◆ Dataset section:
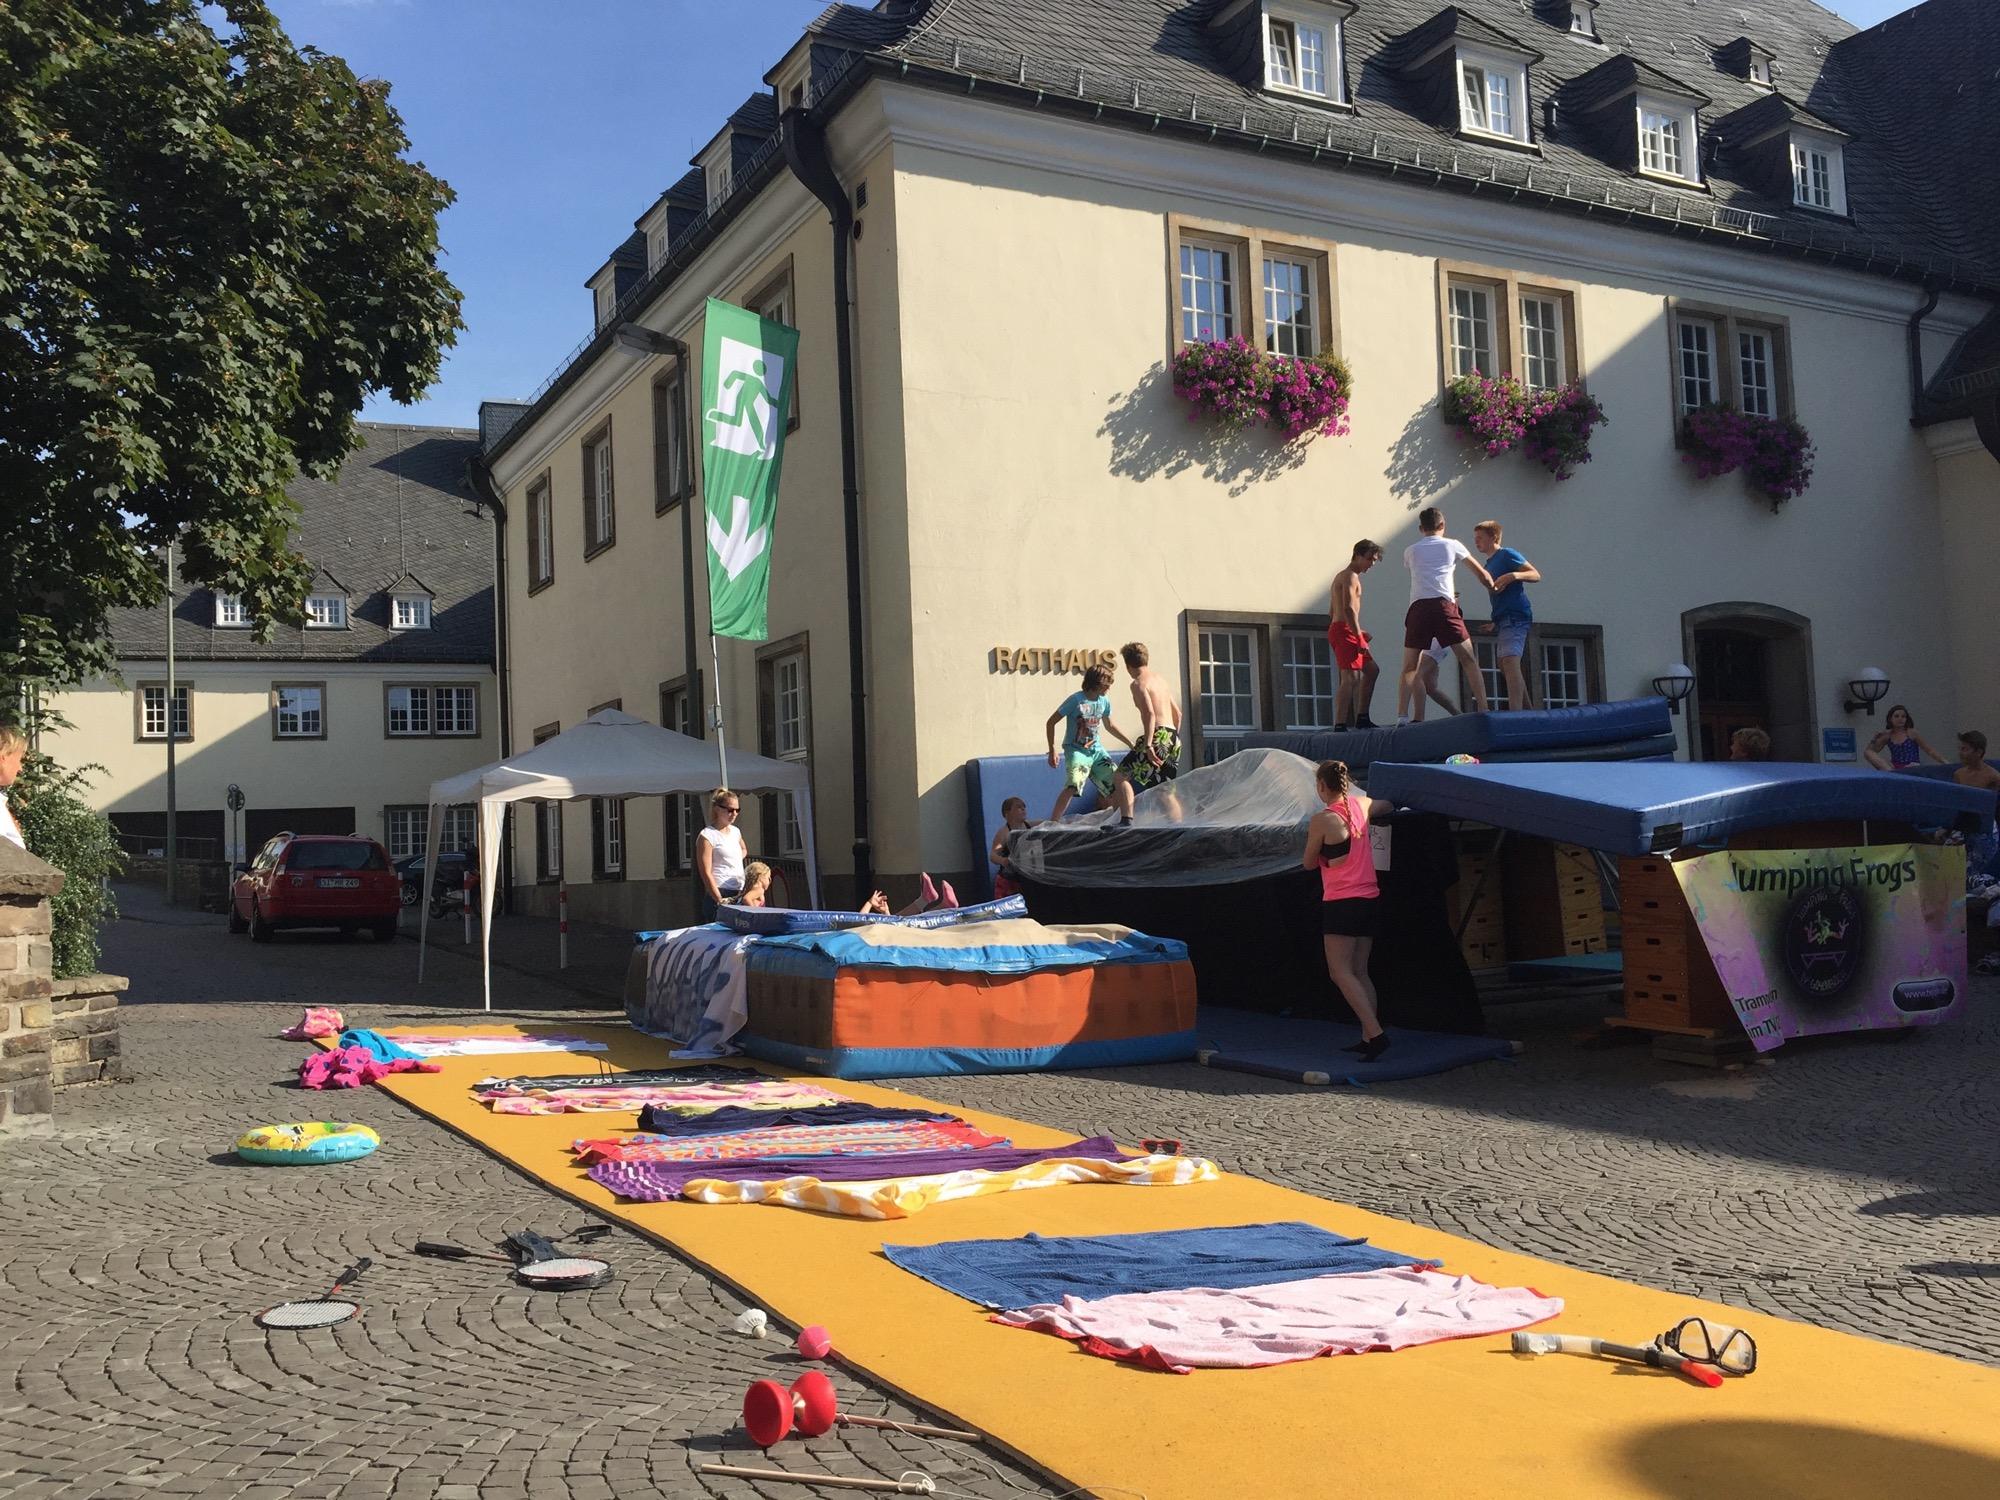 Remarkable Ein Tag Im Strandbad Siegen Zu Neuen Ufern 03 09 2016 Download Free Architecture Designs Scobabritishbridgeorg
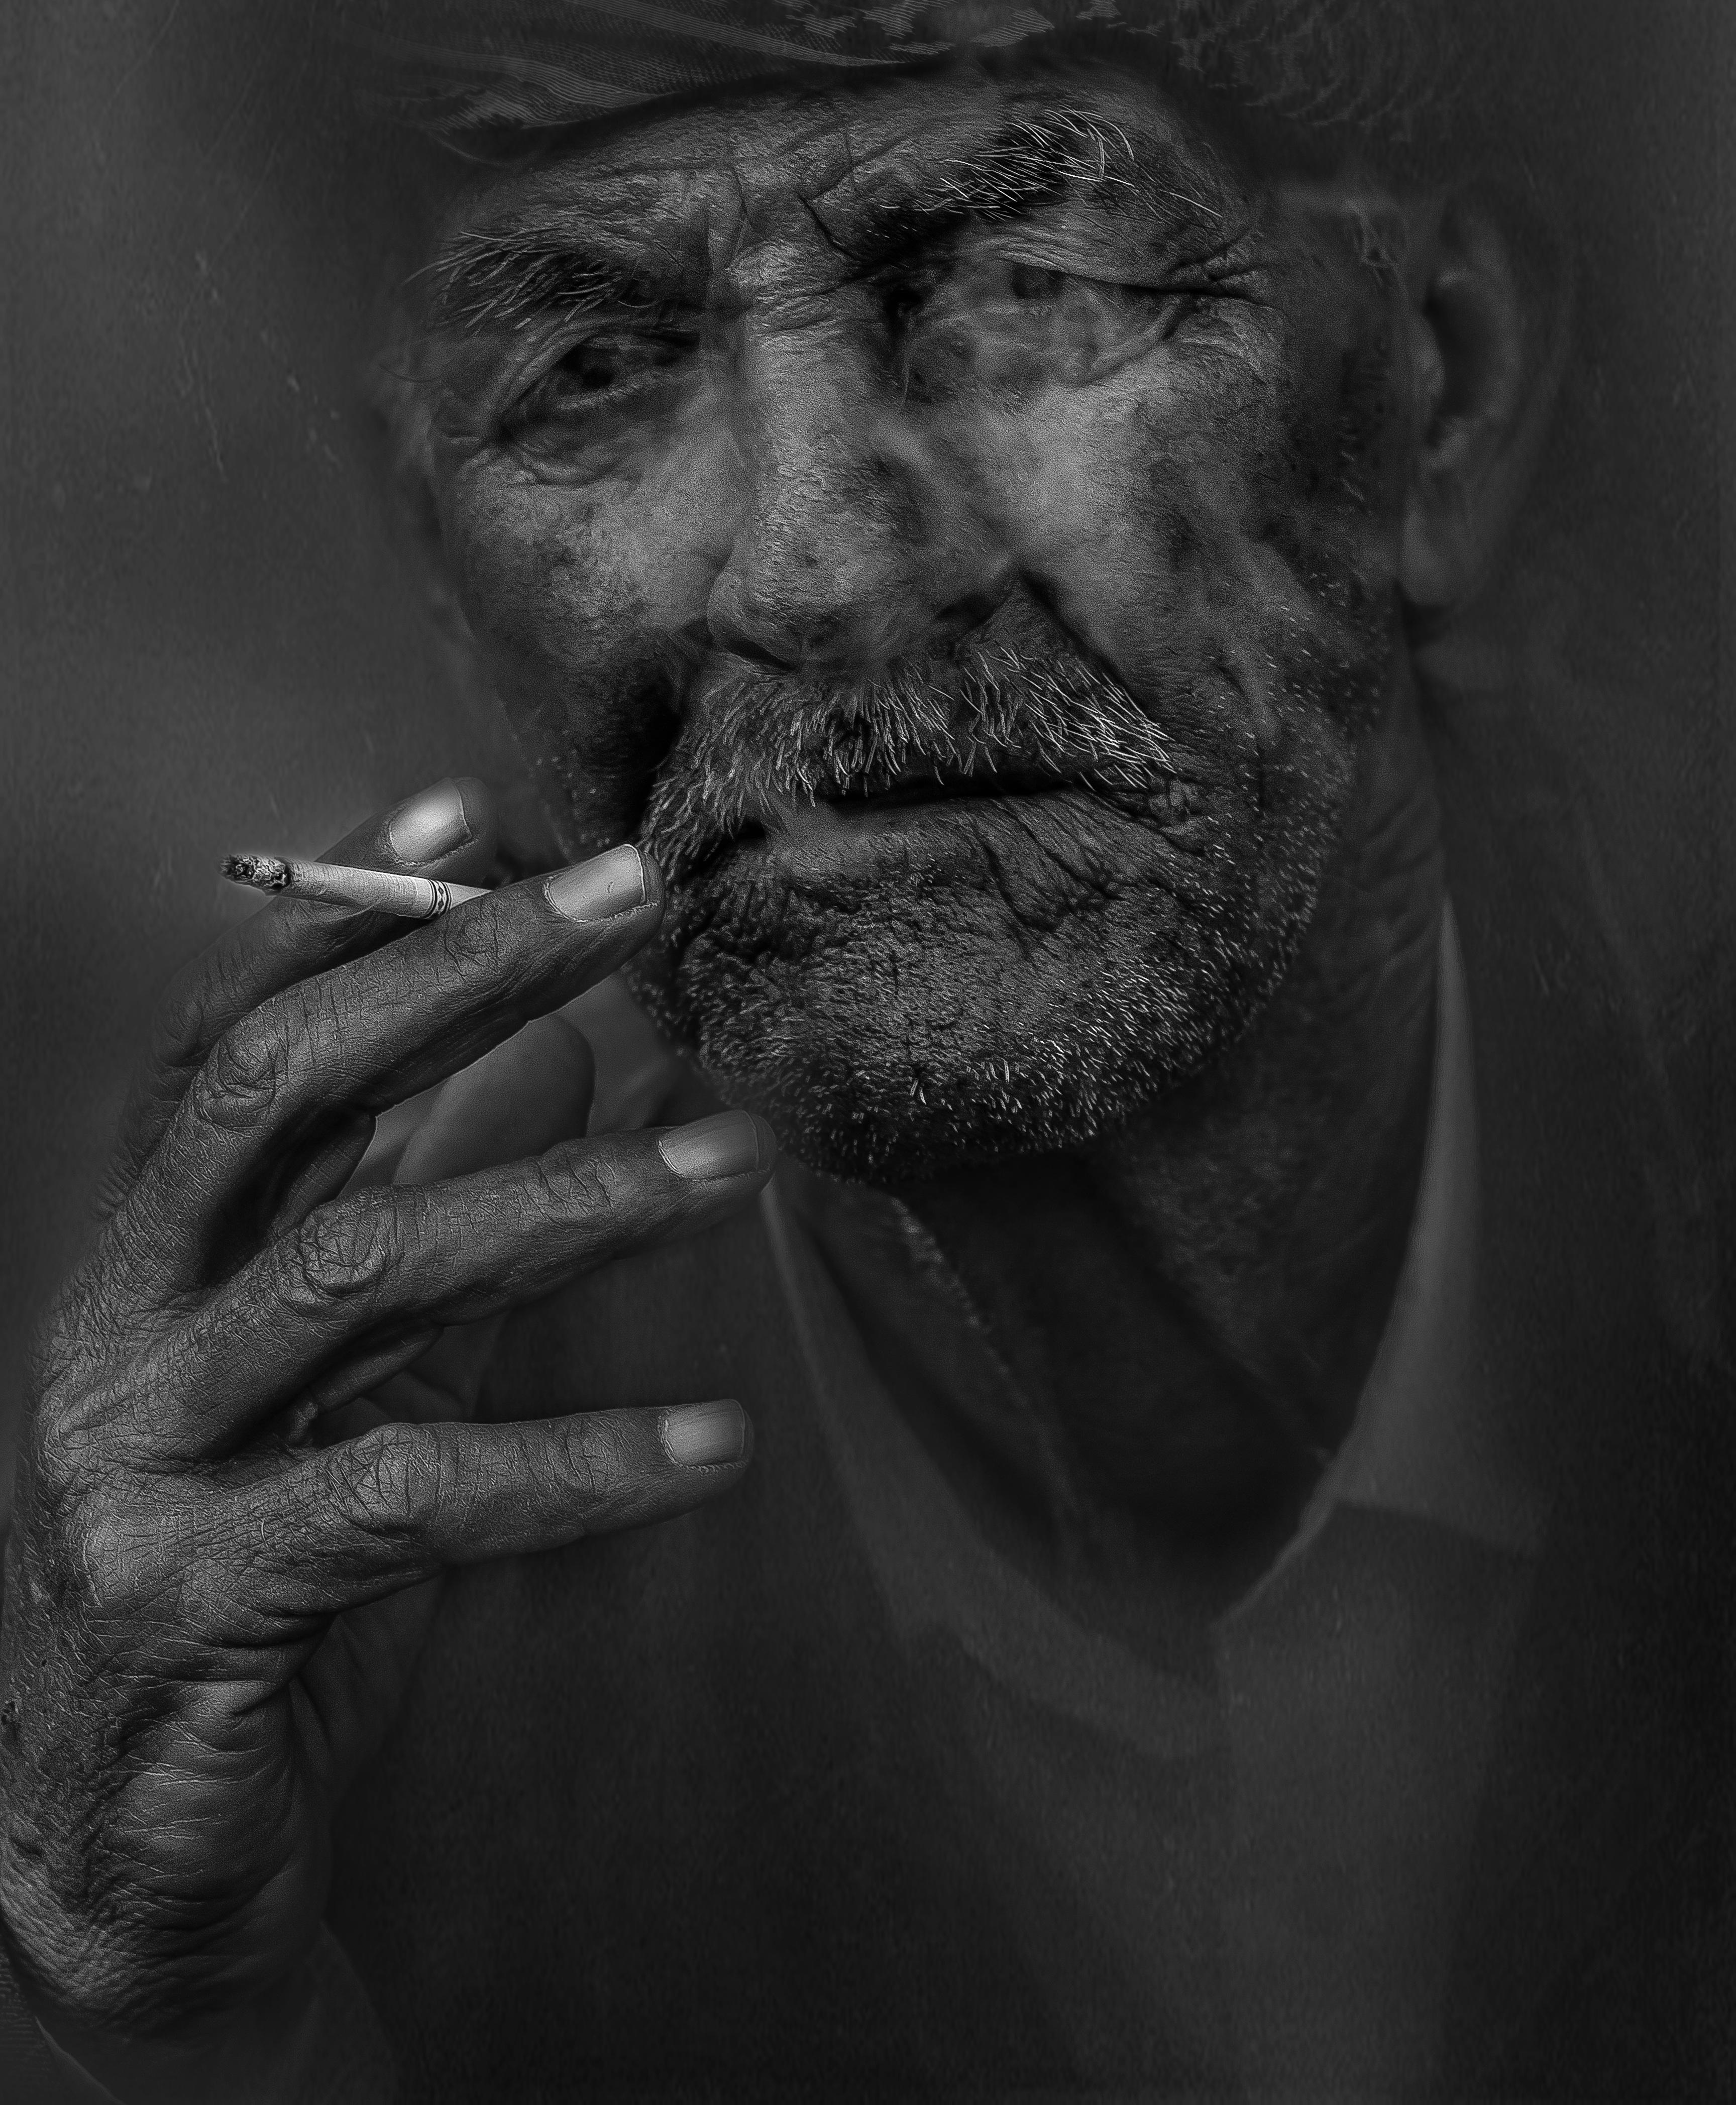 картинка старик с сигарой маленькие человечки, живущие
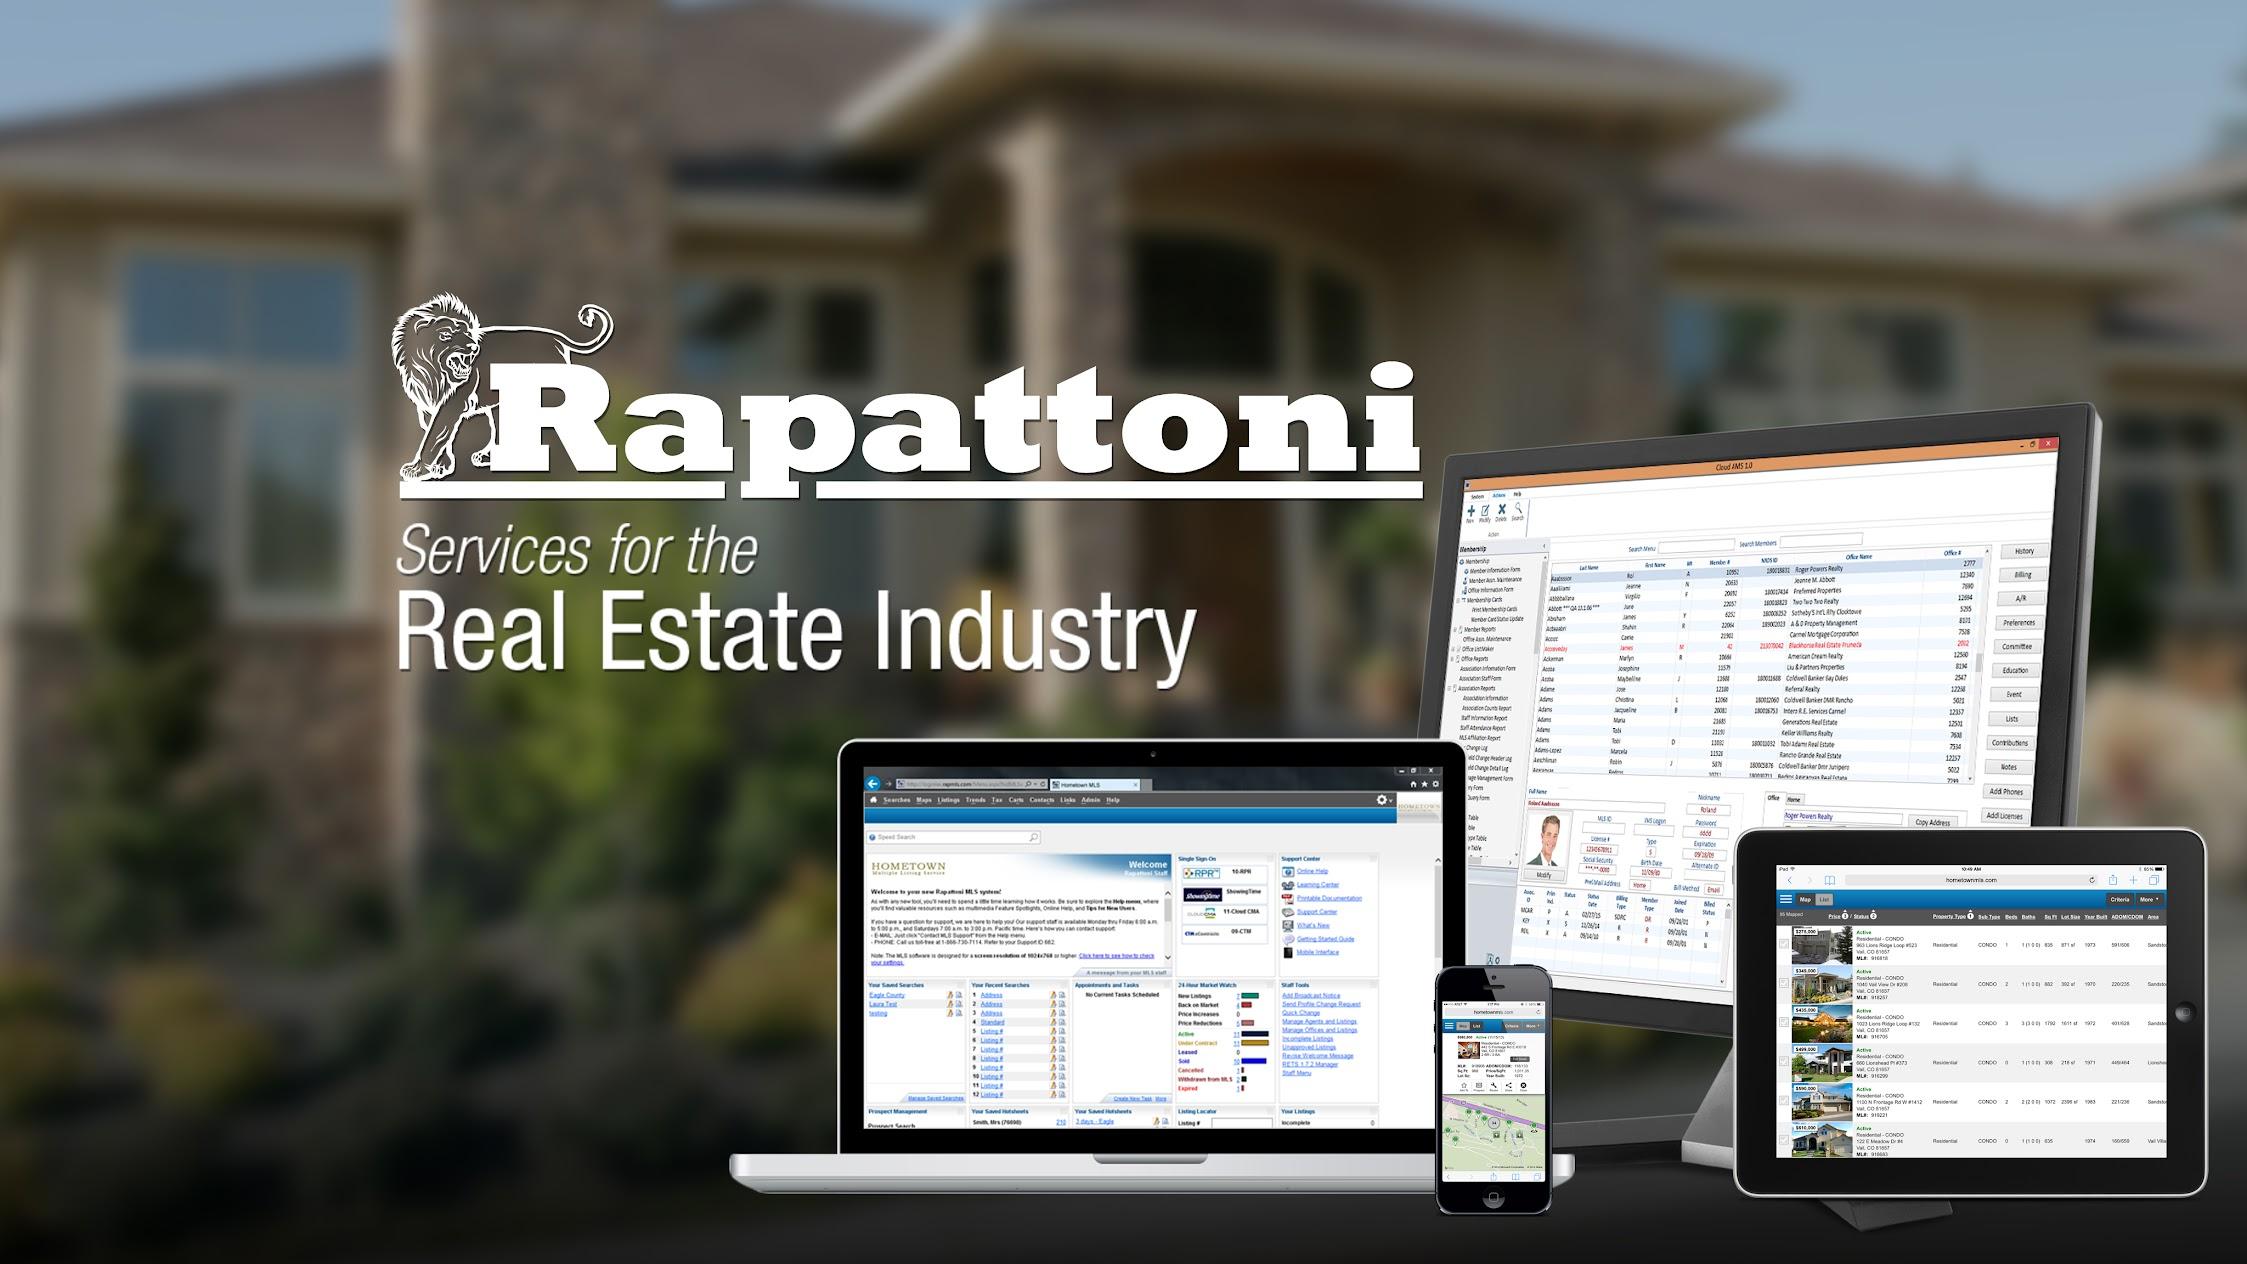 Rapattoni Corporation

◆ Prompt: Pictures do not belong in the copy. Reproduce the rest of the data exactly.

◆ Final answer:
 Remarkable Ein Tag Im Strandbad Siegen Zu Neuen Ufern 03 09 2016 Download Free Architecture Designs Scobabritishbridgeorg
 картинка старик с сигарой маленькие человечки, живущие
 Rapattoni Corporation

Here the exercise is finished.